Audit Committee Report (extract)

Significant financial reporting issues considered by the Committee in 2023 (extract)

Estimates and judgements

The preparation of the Financial Statements in conformity with generally accepted accounting principles requires management to make estimates and judgements that affect the reported amounts of assets and liabilities at the date of the Financial Statements and the reported amounts of revenues and expenses during the reporting period. Actual results could differ from those estimates.

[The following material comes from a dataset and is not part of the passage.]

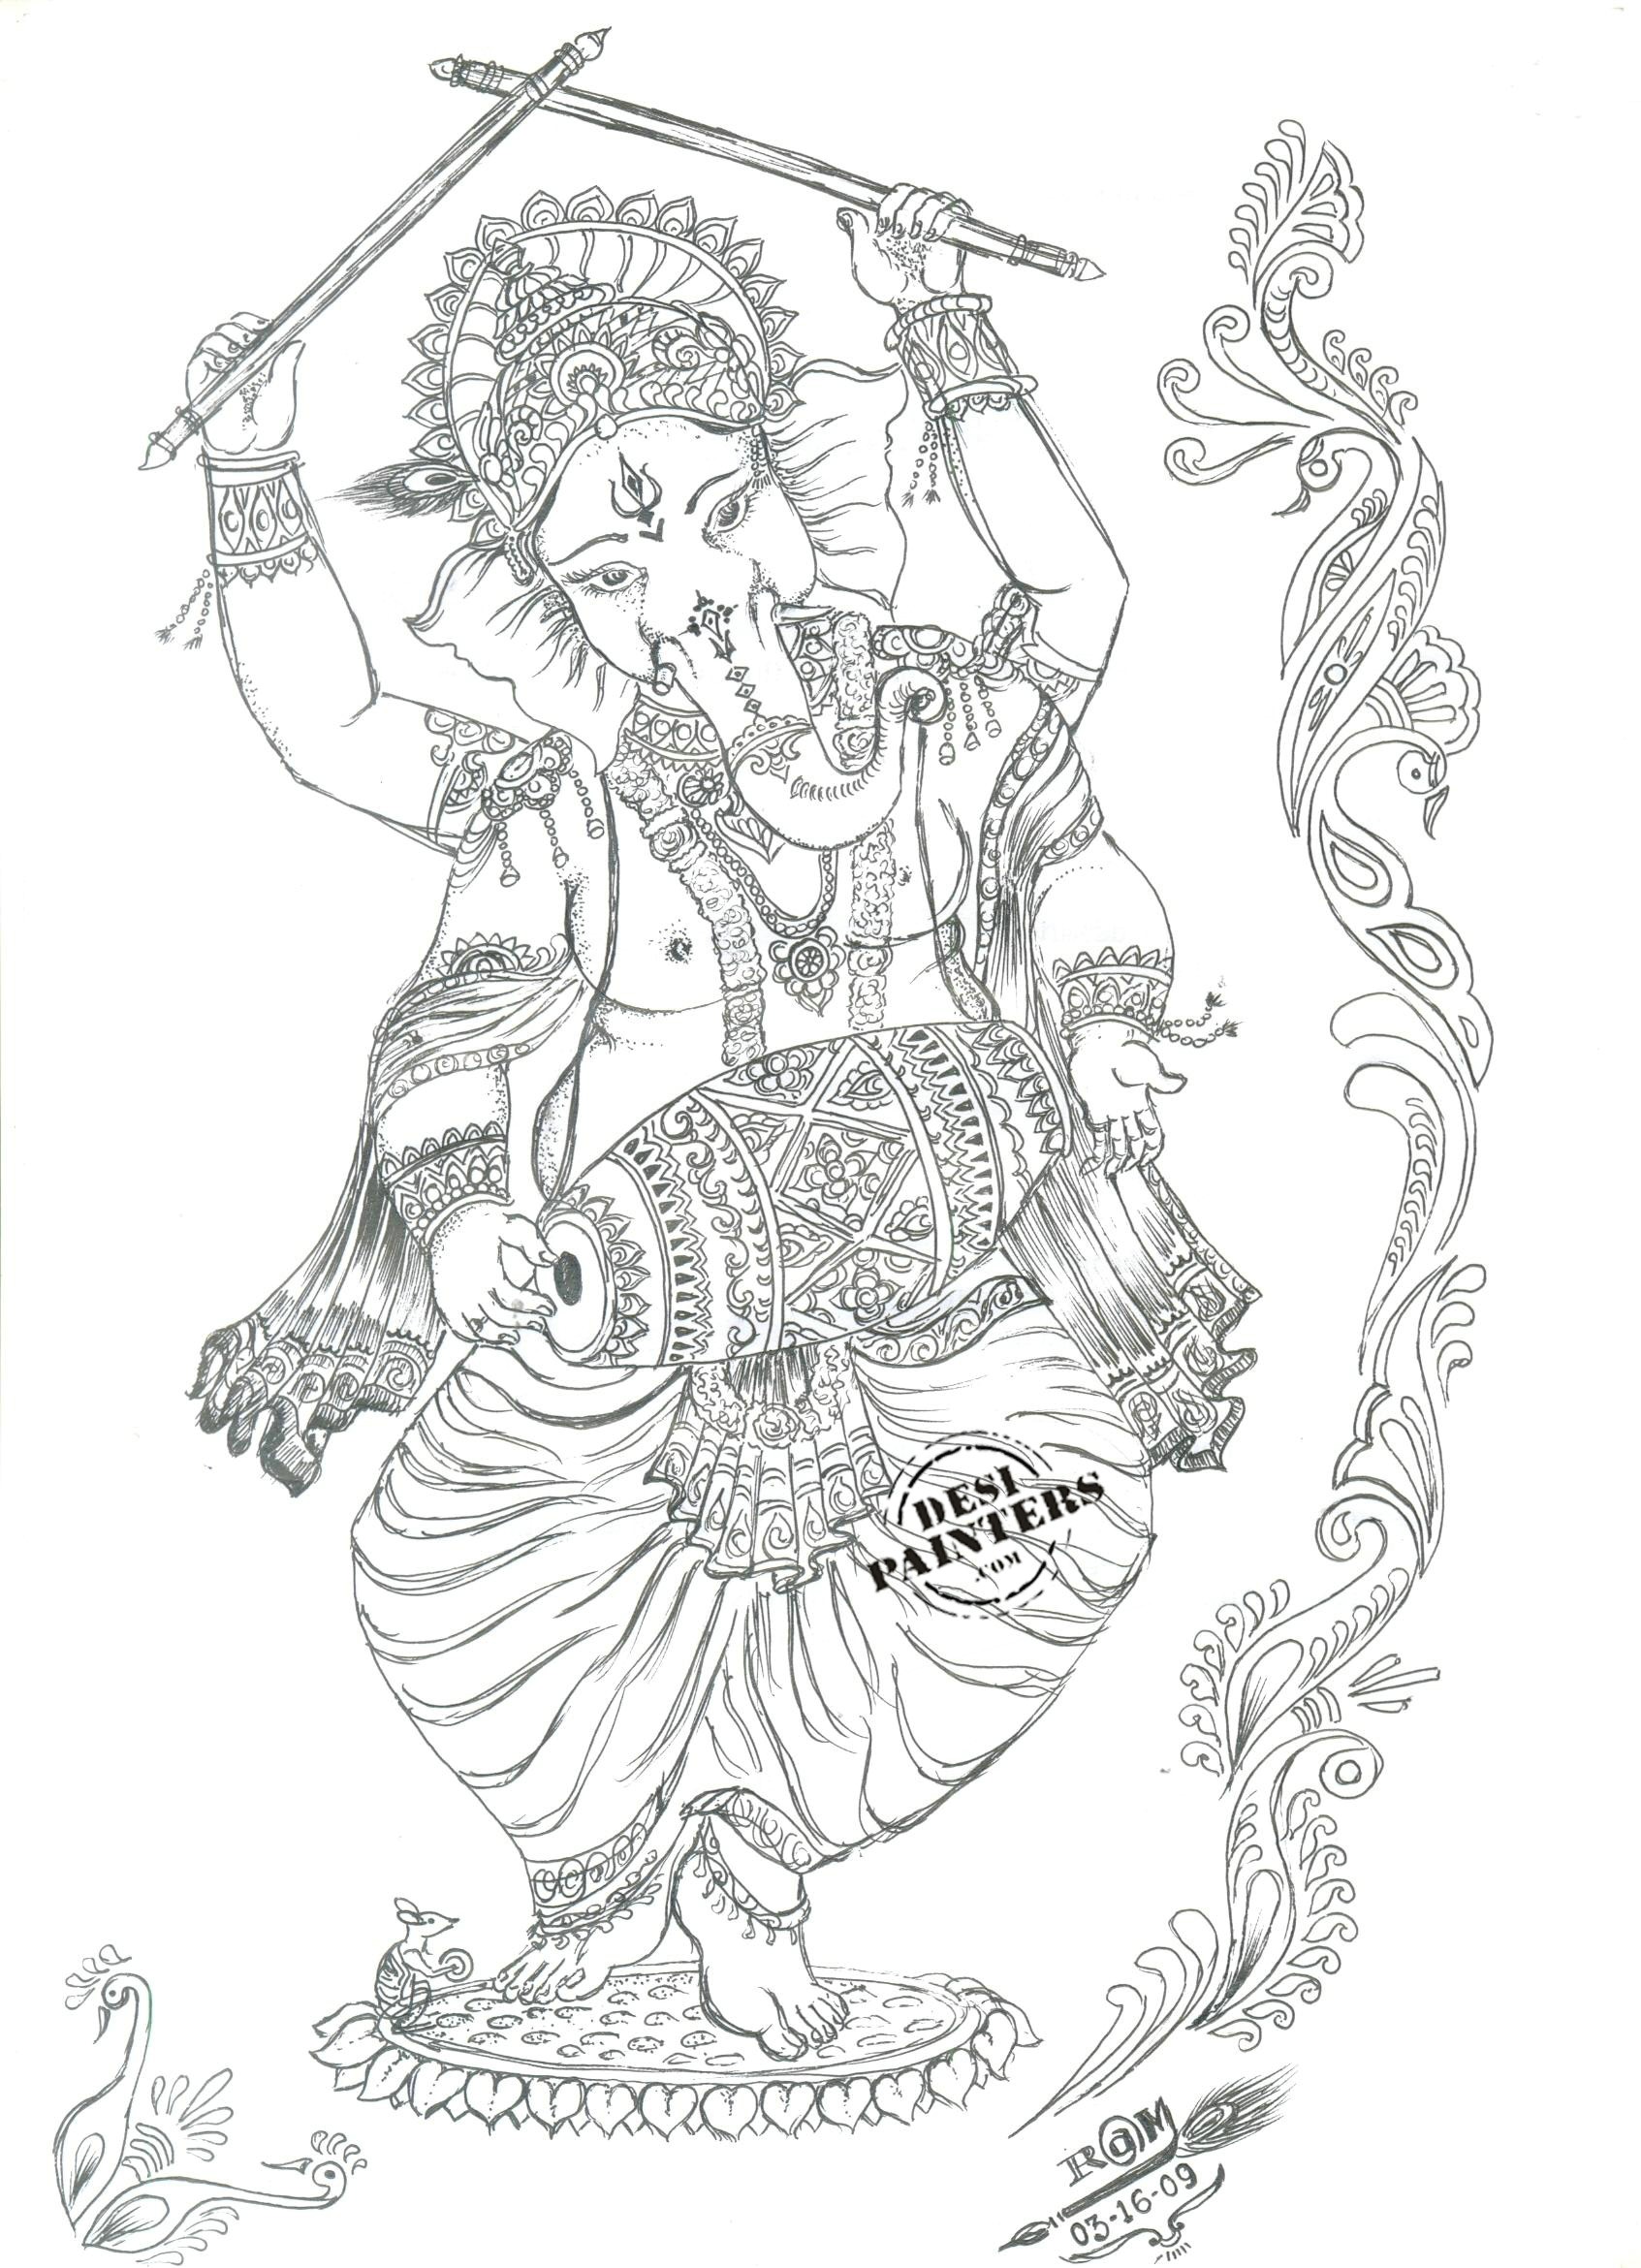 Beautiful Ganesh ji drawing

The accounting policy descriptions set out the areas where judgements and estimates need exercising, the most significant of which include the following Key Judgements KJ  and Significant Estimates SE :

  • revenue recognition – see Revenue Accounting Policy from page 152 KJ and Note 1 on page 161 SE
  • expensing of internal development expenses – see Research and Development Policy from page 154 KJ
  • impairment reviews of Intangible assets – see Note 10 on page 174 SE
  • useful economic life of Intangible assets – see Research and Development Policy from page 154 KJ
  • business combinations and Goodwill – see Business Combinations and Goodwill Policy from page 156 KJ and Note 27 from page 193 SE
  • litigation liabilities – see Litigation and Environmental Liabilities within Note 30 on page 204 KJ
  • operating segments – see Note 6 on page 167 KJ
  • employee benefits – see Note 22 on page 190 SE
  • taxation – see Note 30 from page 209 KJ.

The Group has assessed the impact of climate risk on its financial reporting. The impact assessment was primarily focused on the valuation and useful lives of intangible assets and the identification and valuation of provisions and contingent liabilities, as these are judged to be the key areas that could be impacted by climate risks. No material accounting impacts or changes to judgements or other required disclosures were noted.

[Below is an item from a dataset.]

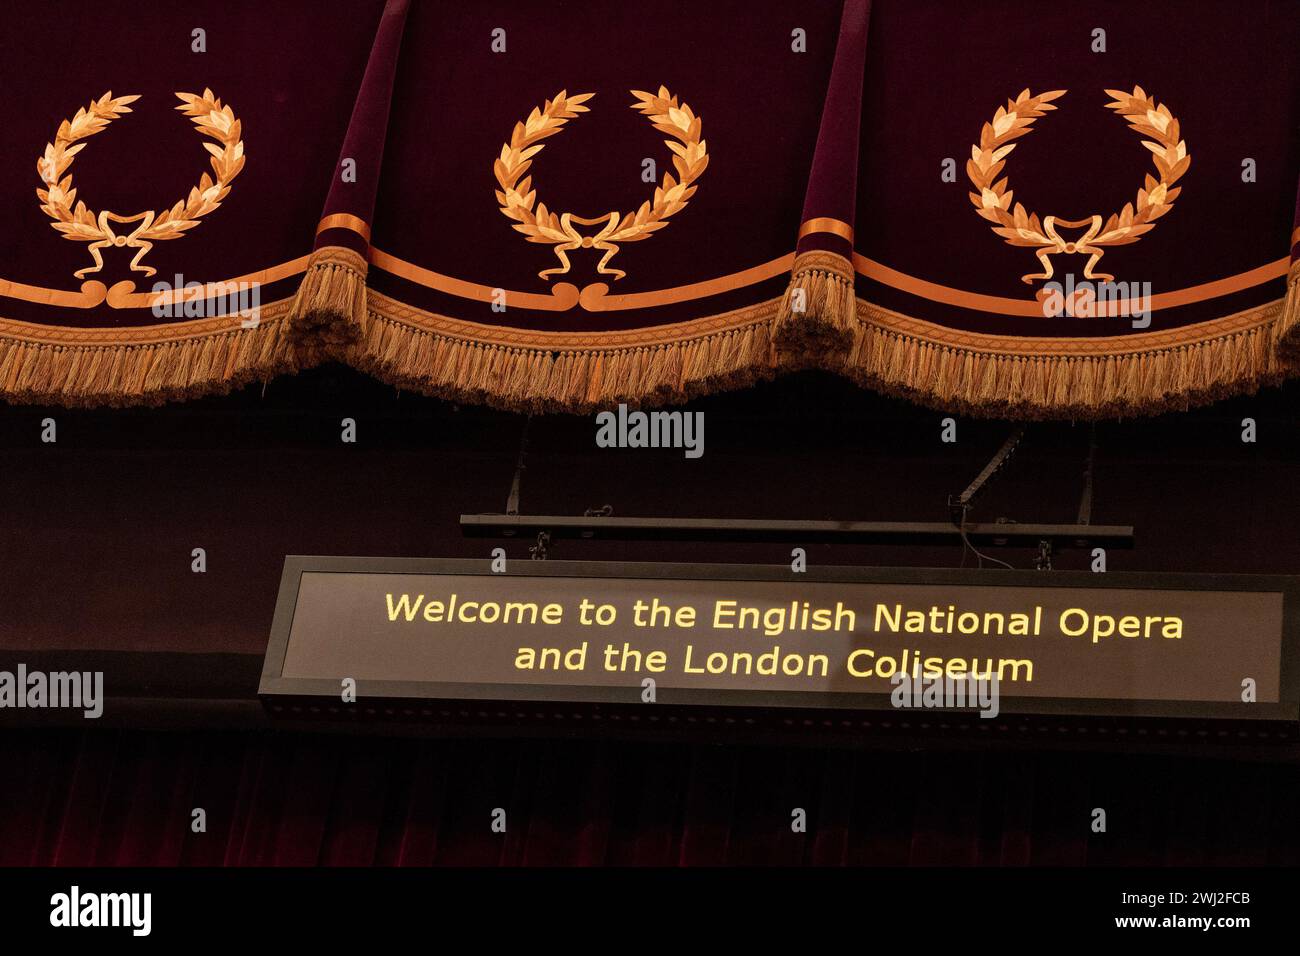 Benvenuti all'English National Opera e al London Coliseum, esposizione digitale pre-spettacolo Foto Stock

KJ Key Judgements are those judgements made in applying the Group’s accounting policies that have a material effect on the amounts of assets and liabilities recognised in the Financial Statements.

SE A Significant Estimate has a significant risk of material adjustment to the carrying amounts of assets and liabilities within the next financial year.

Group Accounting Policies (extract)

Taxation (extract)

Liabilities for uncertain tax positions require management to make judgements of potential exposures in relation to tax audit issues. Tax benefits are not recognised unless the tax positions will probably be accepted by the tax authorities. This is based upon management’s interpretation of applicable laws and regulations and the expectation of how the tax authority will resolve the matter. Once considered probable of not being accepted, management reviews each material tax benefit and reflects the effect of the uncertainty in determining the related taxable result.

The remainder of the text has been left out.